这里实现的是二阶段目标检测,其主要由一个RPN框架和ROI框架构成,后者只是一个图片分类任务,前者较为麻烦,这里只实现前者RPN过程

RPN 整体代码

import xml.etree.ElementTree as ET
import os
import pandas as pd
import tensorflow as tf
import numpy as np
from PIL import Image
import matplotlib.pyplot as plt

def generate_anchors(sizes = [128, 256, 512], ratios = [[1, 1], [1, 2], [2, 1]]):
    num_anchors = len(sizes) * len(ratios)

    anchors = np.zeros((num_anchors, 4))
    anchors[:, 2:] = np.tile(sizes, (2, len(ratios))).T
    
    for i in range(len(ratios)):
        anchors[3 * i: 3 * i + 3, 2] = anchors[3 * i: 3 * i + 3, 2] * ratios[i][0]
        anchors[3 * i: 3 * i + 3, 3] = anchors[3 * i: 3 * i + 3, 3] * ratios[i][1]
    
    anchors[:, 0::2] -= np.tile(anchors[:, 2] * 0.5, (2, 1)).T
    anchors[:, 1::2] -= np.tile(anchors[:, 3] * 0.5, (2, 1)).T
    return anchors

def shift(shape, anchors, stride=16):
    shift_x = (np.arange(0, shape[1], dtype=np.float32) + 0.5) * stride
    shift_y = (np.arange(0, shape[0], dtype=np.float32) + 0.5) * stride

    shift_x, shift_y = np.meshgrid(shift_x, shift_y)
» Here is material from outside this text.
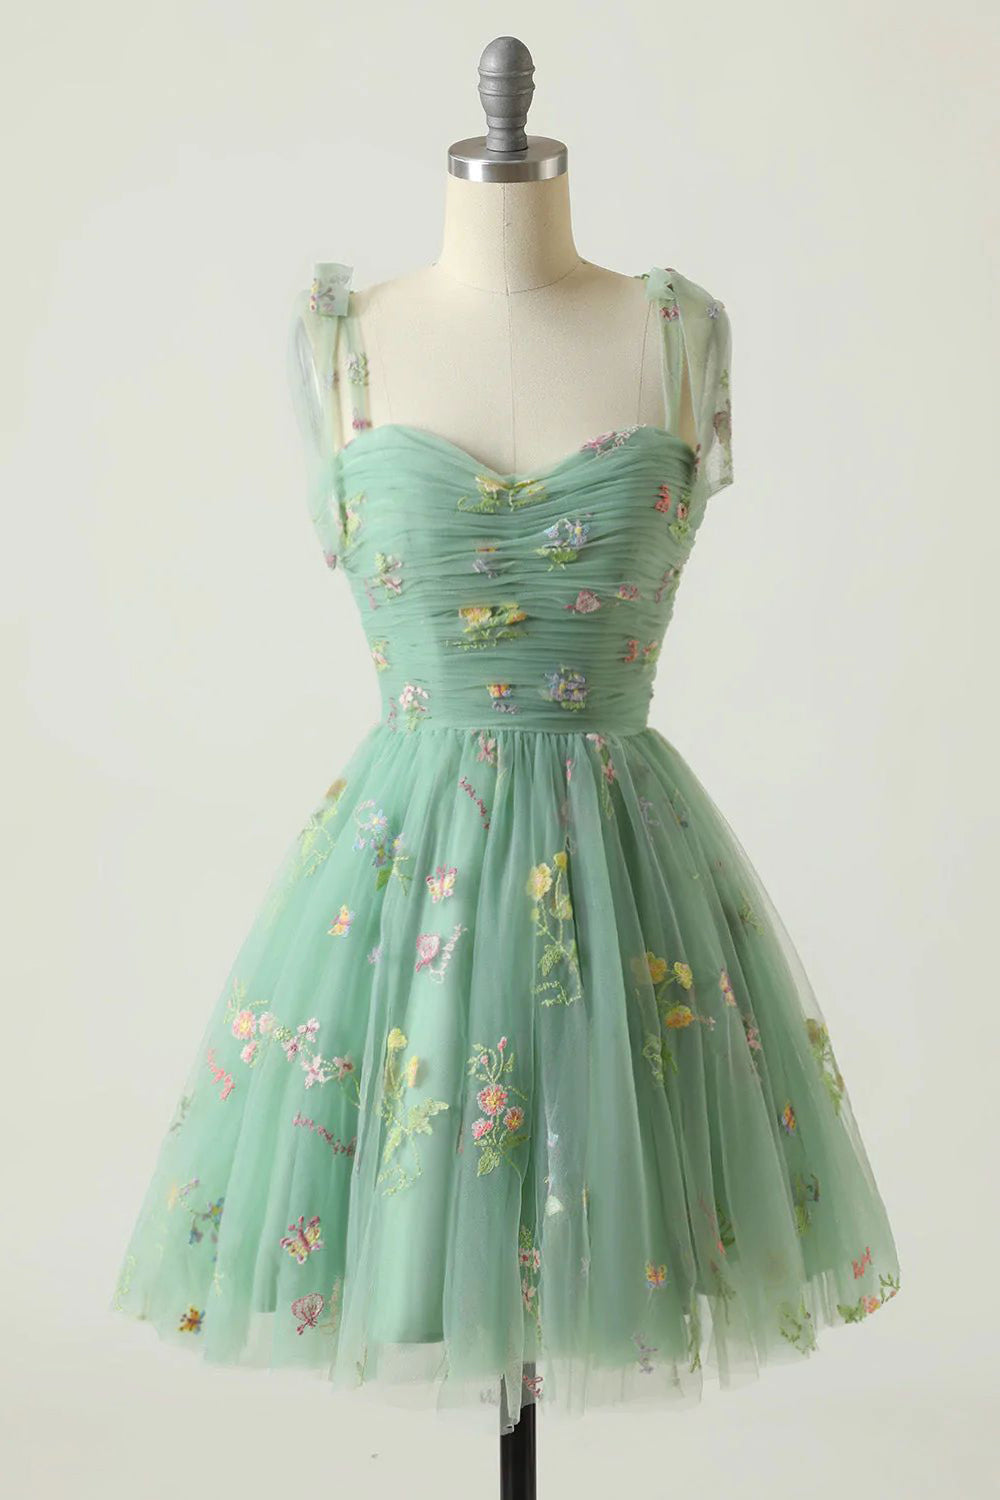 Bridesmaid Dresses With Sleeve, Green Spaghetti Straps Short Homecoming Dress with Embroidery

    shift_x = np.reshape(shift_x, [-1])
    shift_y = np.reshape(shift_y, [-1])

    shifts = np.stack([shift_x, shift_y, shift_x, shift_y], axis=0)

    shifts = np.transpose(shifts)
    number_of_anchors = np.shape(anchors)[0]

    k = np.shape(shifts)[0]

    shifted_anchors = np.reshape(anchors, [1, number_of_anchors, 4]) + np.array(np.reshape(shifts, [k, 1, 4]), dtype=np.float32)
    shifted_anchors = np.reshape(shifted_anchors, [k * number_of_anchors, 4])
    return shifted_anchors

def get_anchors(input_shape, feature_shape, sizes = [128, 256, 512], ratios = [[1, 1], [1, 2], [2, 1]], stride=16):
    anchors = generate_anchors(sizes = sizes, ratios = ratios)
    anchors = shift(feature_shape, anchors, stride = stride)
    anchors[:, ::2] = np.clip(anchors[:, ::2], 0, input_shape[1])
    anchors[:, 1::2] = np.clip(anchors[:, 1::2], 0, input_shape[0])
    return anchors

%%time
anchors = get_anchors([600,600], [37,37])

anchors

## 数据准备

def get_xml_box(file_path, return_object_name=False):
    """返回的形式类似于:..[filename, object_name, xmin, ymin, xmax, ymax]"""
    tree = ET.parse(file_path)
    root = tree.getroot()
    
    filename = root.find('filename').text
    object_name_list = []
    box_list = []
    
    for item in root.iter('object'):
        object_name = item.find('name').text
        
        box = item.find('bndbox')
        xmin = box.find('xmin').text
        ymin = box.find('ymin').text
        xmax = box.find('xmax').text
        ymax = box.find('ymax').text
        
        object_name_list.append(object_name)
        box_list.append([xmin, ymin, xmax, ymax])
        
    return [filename, object_name_list, box_list]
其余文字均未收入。